Thursday, March 19, 2009

23: And Heaven Waits Here at My Door

It’s Michael Jordan day in the crockpot, and appropriately so, given today’s start of basketball greatness. Aside from the play-in round, today marks the beginning of the most wonderful time of the year, the NCAA basketball tournament. ESPN uses the song “most wonderful time of the year” to promote college football bowl season, since it falls around Christmas and is more aptly borrowed from the song’s original intent, but I truly believe that for sports fans everywhere, the glory of the NCAA tournament is unparalleled. Intensity, passion, skill, luck, determination, the possession arrow on the jump ball – all of these factors combine to collectively enrapture the nation.

The impossible can happen. The sure thing can face devastation at the hands of an unknown. Fast breaks catch lightning. Three pointers sent aloft on prayers alone go in. Fouls get called. Fouls go ignored. Freethrows are anything but. Intensity and drama for days on end, and the tenacity of college players playing for the dream of going all the way. Because it has been done before. This is known. Every game is one more chance to get to THE game. And for college players, their hearts are all over that floor.

This emotionalism may seem absurd (to the non-believer), but I don’t think it’s even scratching the surface of accurately describing the all-around thrill and excitement that the tournament creates. For my money, this has only been done in CBS’s annual recap of the tournament, shown after the final game each year, One Shining Moment. Here is last year’s

Though it was an NBA slogan, it’s much more appropriate for me personally in describing the college championship – I love this game.

The other wonderful thing about the tournament is the common ground it provides for the country. Everywhere in this land, people sharpen their skill sets accordingly: agility, quickness, vision, the finger-tip roll on both mouse and remote control. Schlubs across our great land (myself included) work to really make their “I’m working not watching the tournament” approaches precise. Fundamentals are important – speed of a mouse click to navigate away from a game-tracker or actual video feed of a game while at work, perhaps intentionally contracting a cold so that muffling an exclamation of joy or anger while watching a game at work can be believably turned into that hacking cough that’s been bothering you, suddenly using Microsoft Excel hourly to track the gambling your are doing on a national level. There is unity in such guile, and I for one think this devoted tourney following is a pastime that should probably get a song on par with “Take me out to the ballgame” but for use in the office.
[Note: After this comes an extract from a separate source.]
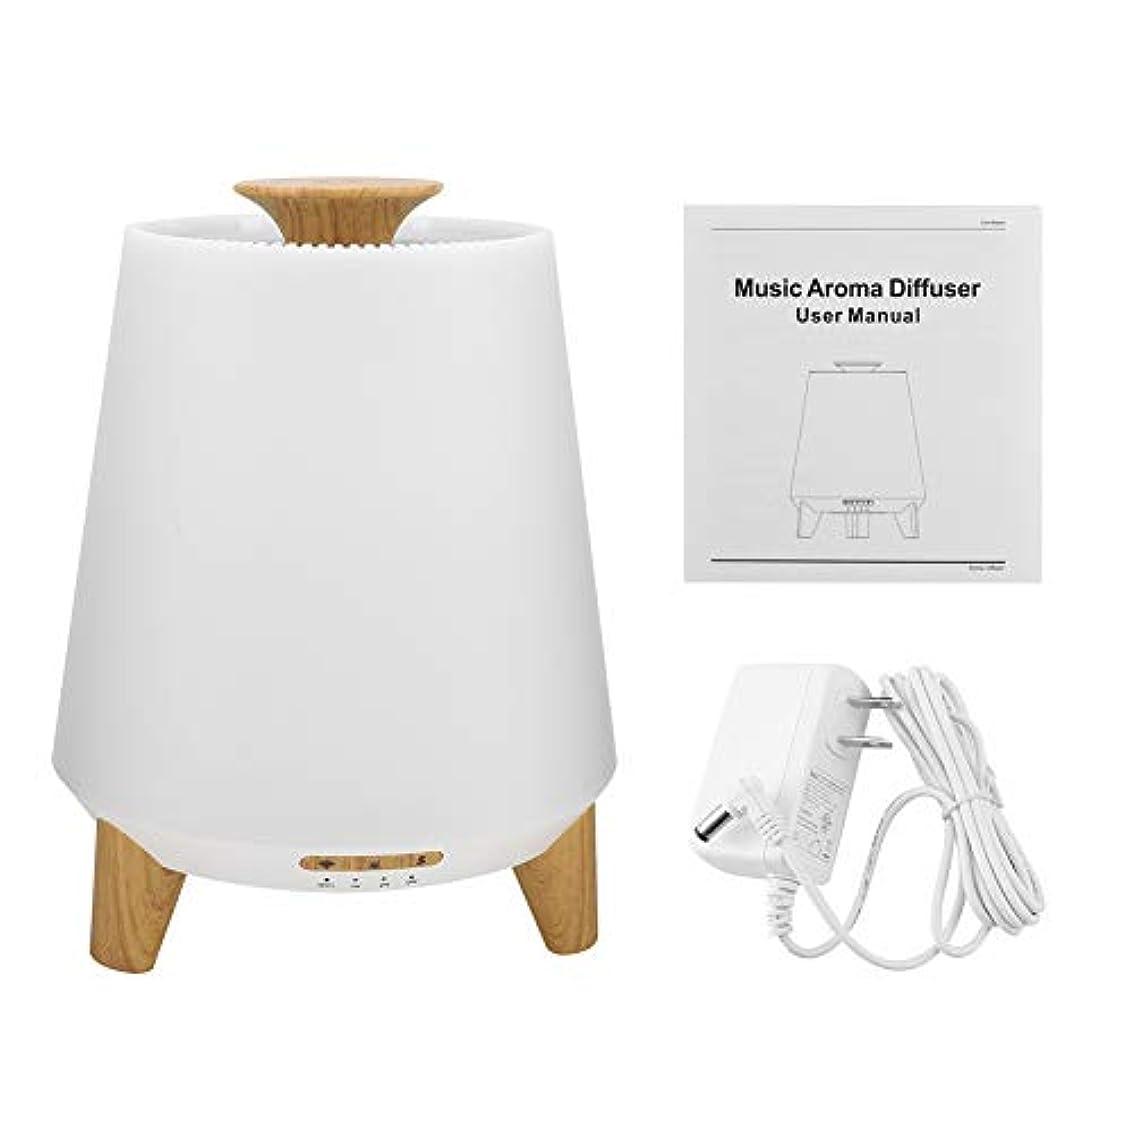 千ボール剥ぎ取る加湿器 アロマディフューザー 音楽プレーヤー 3 in 1 7色LEDライト クールミスト WIFI スマート 超音波 アロマ エッセンシャルオイル 互換性用 300ml(#1)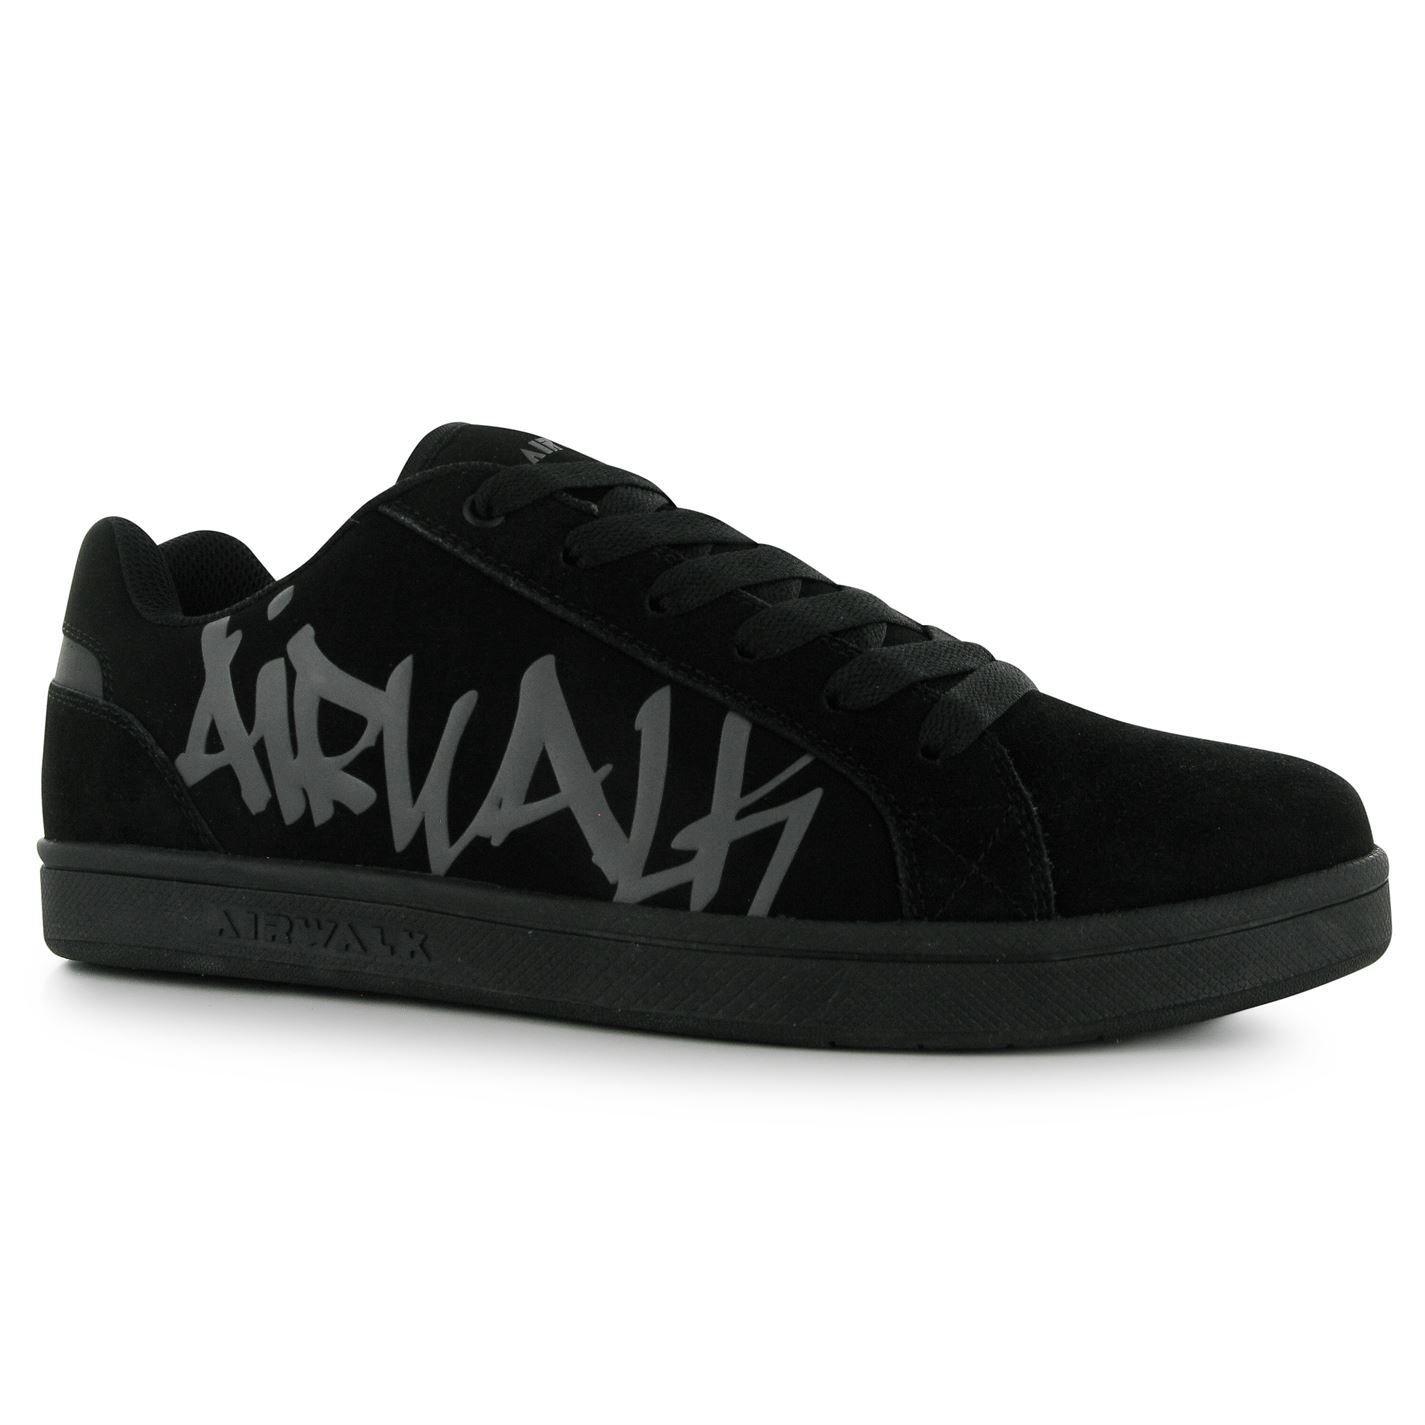 Airwalk Neptune Skate Shoes Mens Black

Studies showing the lowered rates of productivity due to the tournament really don’t acknowledge the innovation necessary to successfully sneakily follow the game in varying office layouts and computer screen visibility rates, nor do they take into account the multi-tasking skills employed to be able to get anything done at all while basketball is done all day. I think the studies should be redesigned to examine the creative ways in which people squeak by, not the ways in which they don’t’ work. Maybe if we isolated the things that motivate us enough as a workforce to churn things out doubletime so that we could get to the activities we find so pleasing we could finally get our work schedules a little closer to being on par with those of Scandinavian countries. I am all for it. I would love a month off in the summertime. I would not get bored. I would not forget coworkers’ names. I would love it. Such is the potential of the NCAA tournament for improving the morale and lifestyle of our country on the whole.

And an even more telling indicator of the common ground that the tourney provides for us as a nation was President Obama’s choice to complete his tournament brackets publicly. We were all given access to his agonizing about the match-ups that were predicted to be tough, but, should the fates change, may not even happen if a team gets upset by an underdog. A surer approach to establishing himself as a man of the people I do not think has been attempted by the President since he danced on Ellen. And this feat of bracketing was, in my opinion, far more successful. Even he wants to watch the games and sneak peaks while at work. And really, there may be a few lessons about grit and determination in those stolen moments of basketball watching that could help us all, were they to be applied to our nation. And, even if nothing that inspiring happens, at least he’ll probably be stimulating the economy by ordering pizza thanks to the suggestion of any number of ads for pizza places shown during the game. Even in the purity of the tournament, capitalism is still the top seed.